══ DATASET EXTRACT ══
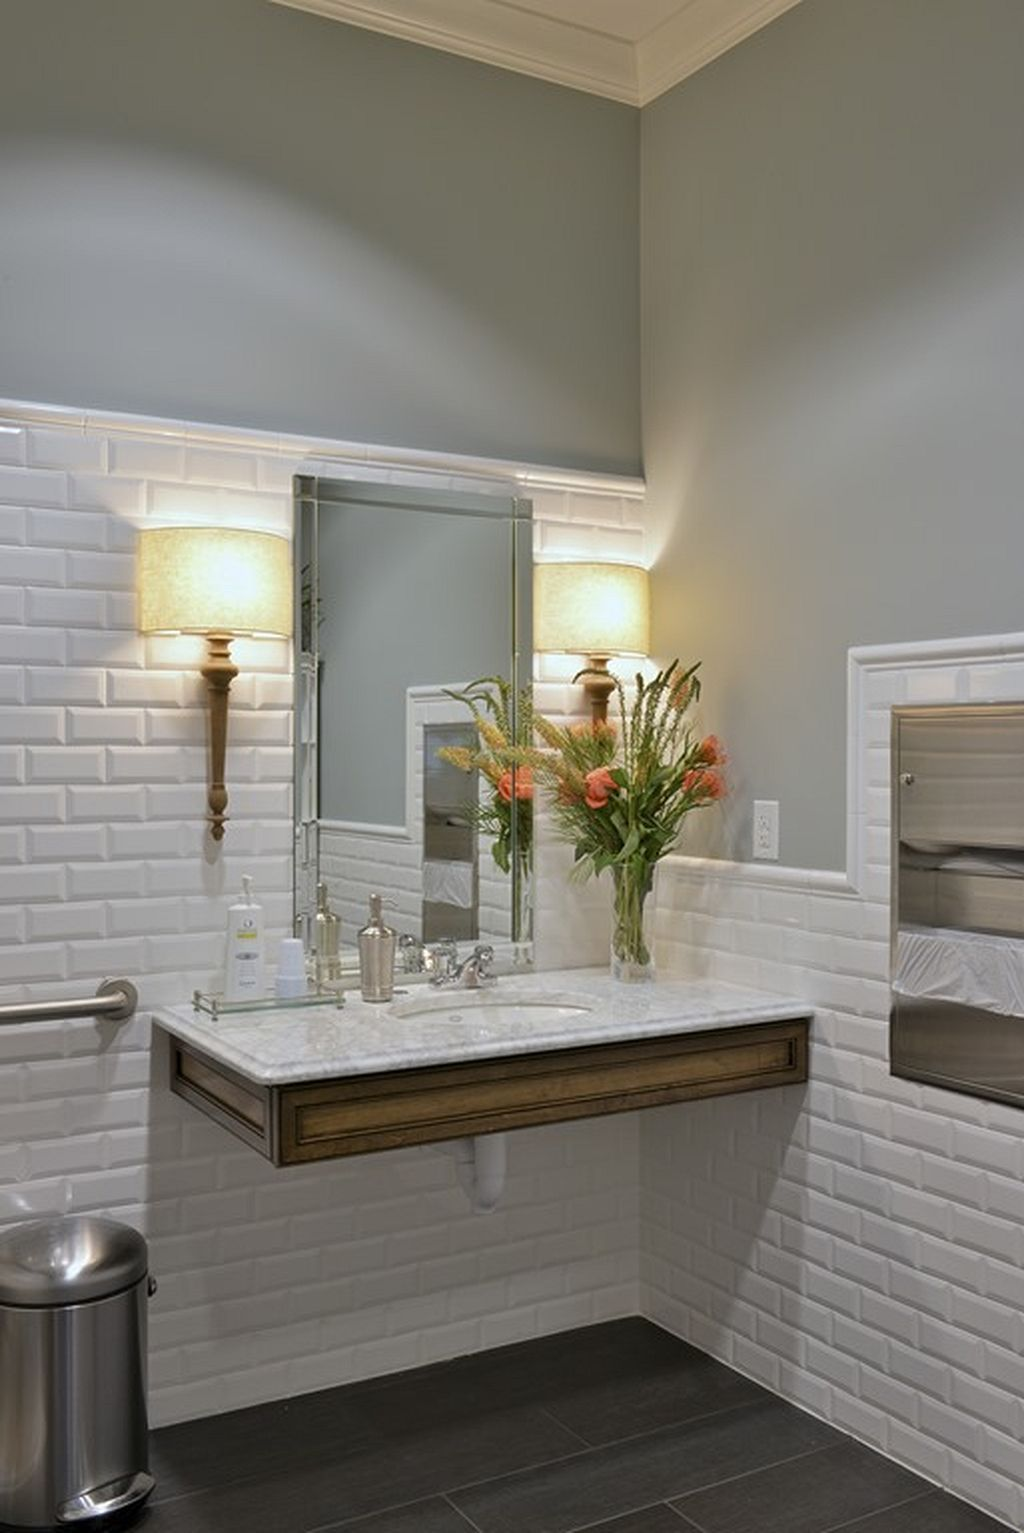 Office Bathroom Decorating Ideas In 2020 Office Bathroom Dental
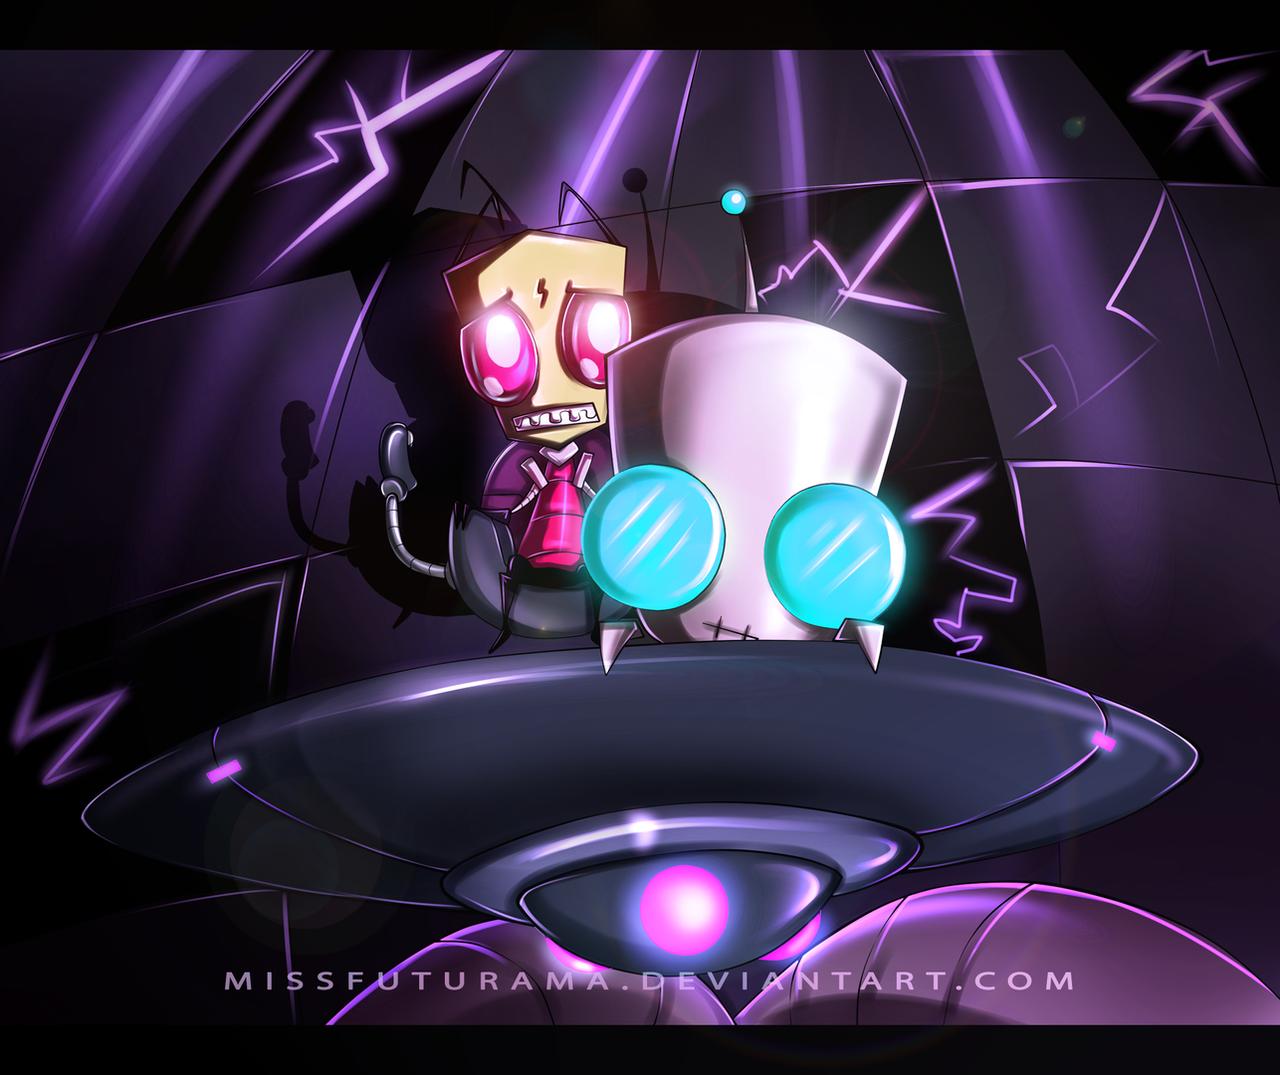 Zim's Problems by MissFuturama
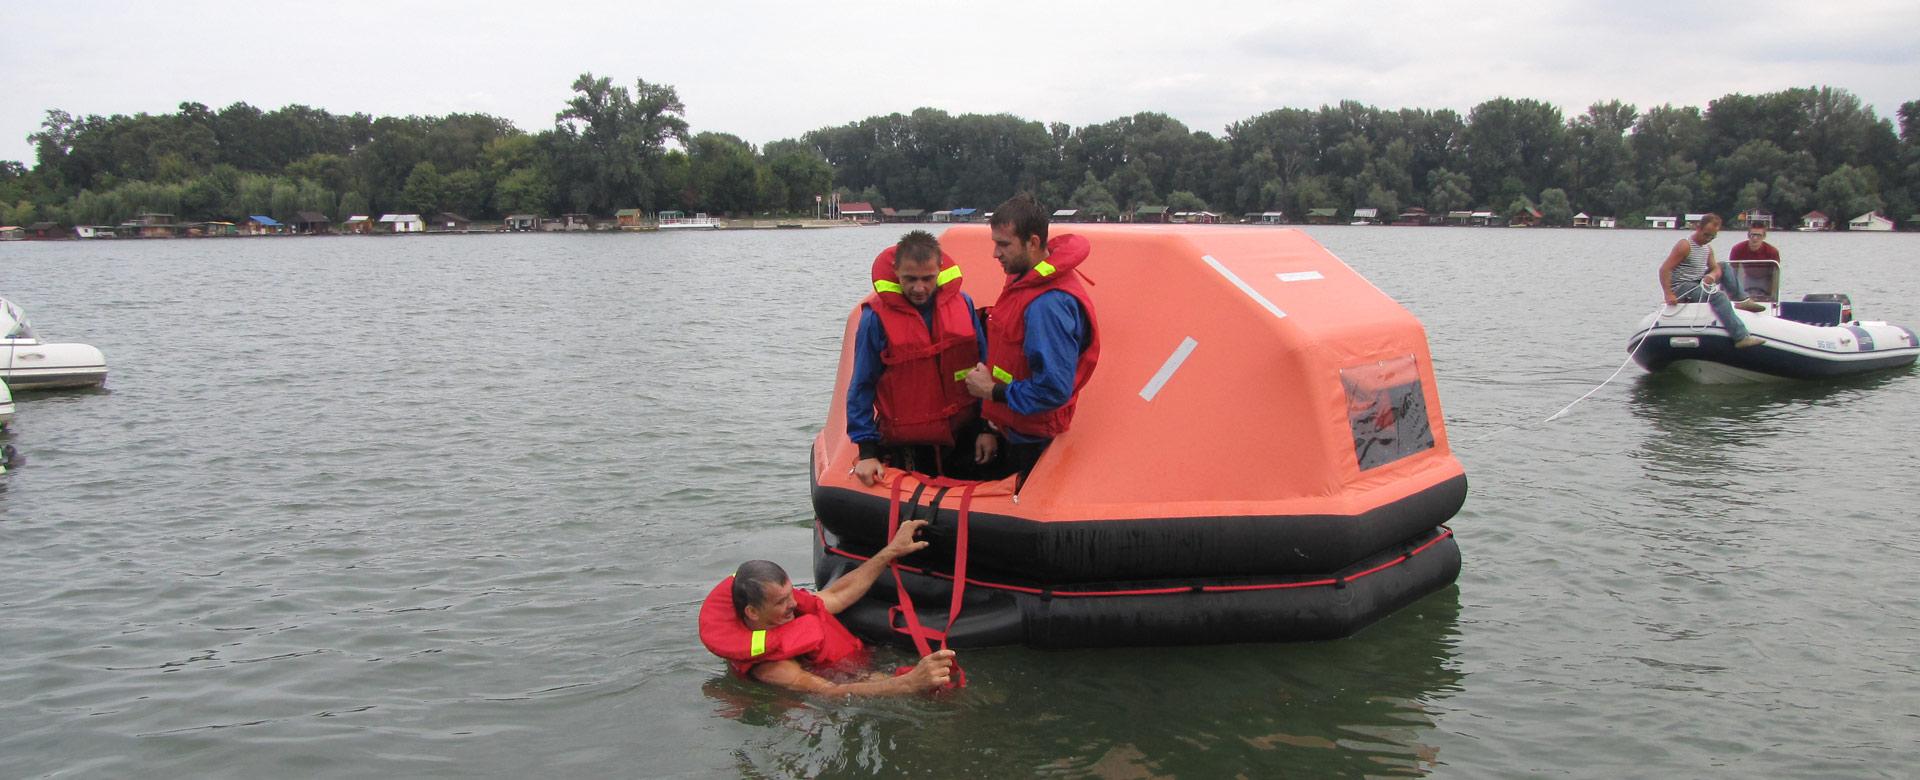 life-raft-slider-2
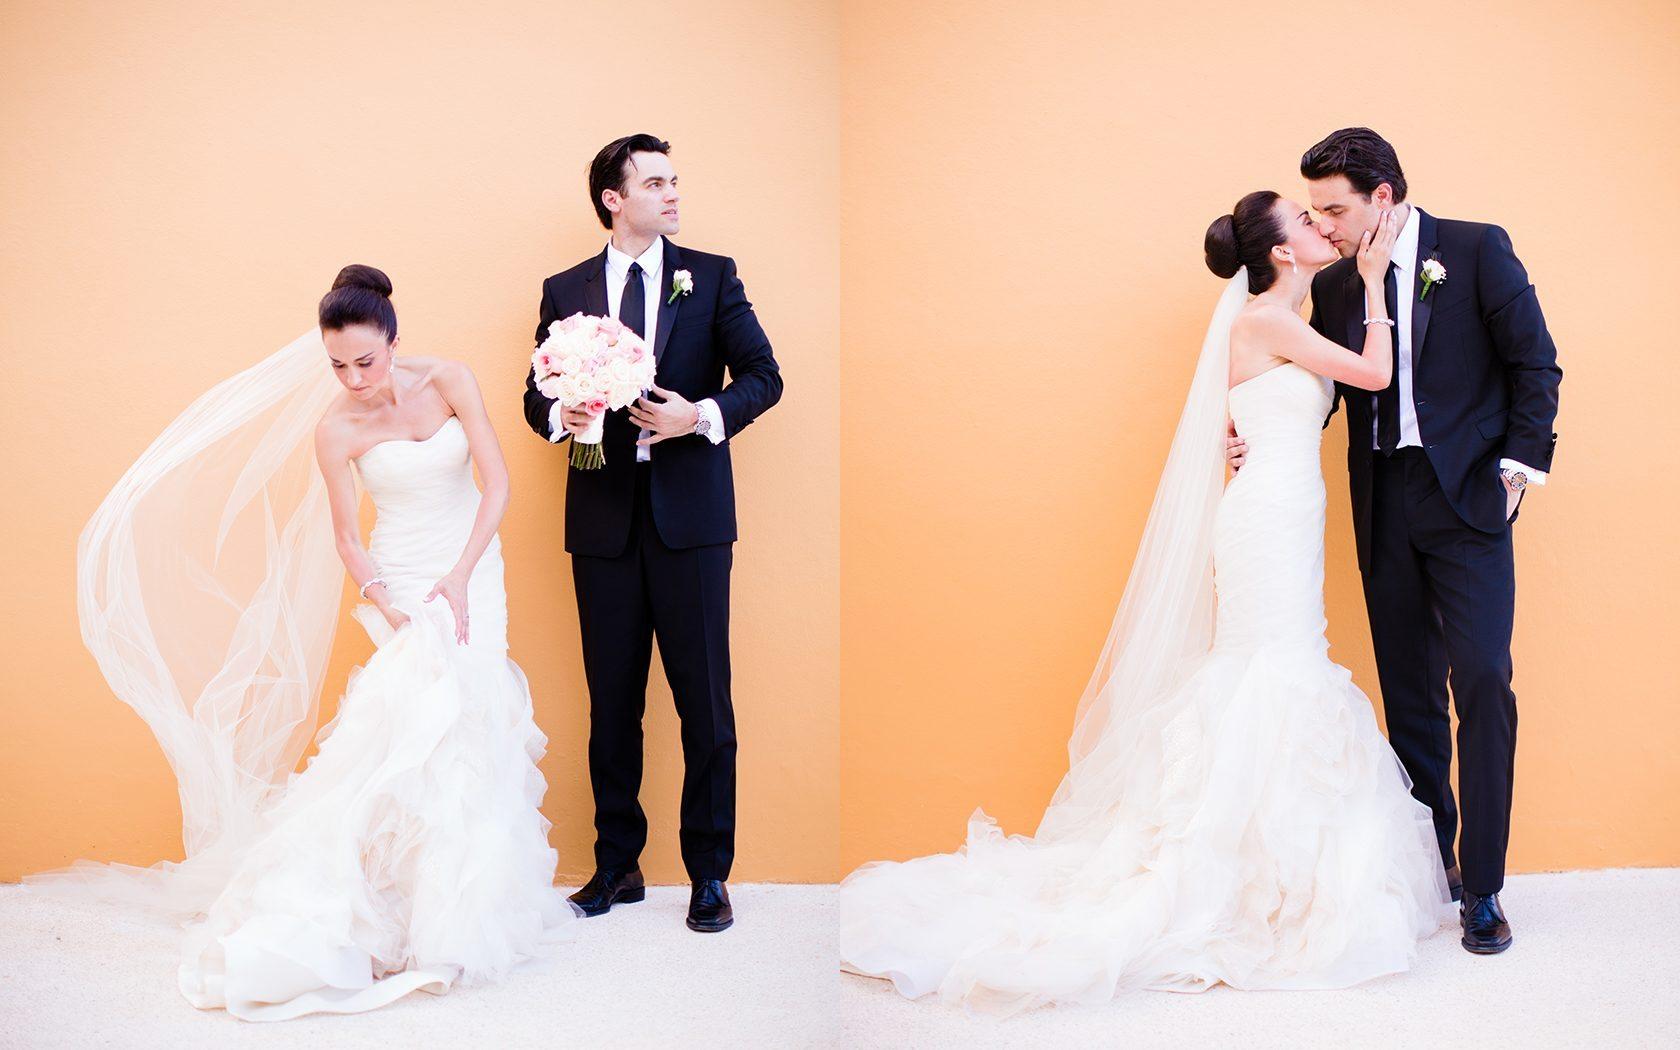 Fairmont_Mayakoba_Wedding_034-1680x1050.jpg
═══
* ASSIGNMENT: The whole listing, minus its images, should be repeated exactly.

* SOLUTION:
 Office Bathroom Decorating Ideas In 2020 Office Bathroom Dental
 Zim's Problems by MissFuturama
 life-raft-slider-2
 Fairmont_Mayakoba_Wedding_034-1680x1050.jpg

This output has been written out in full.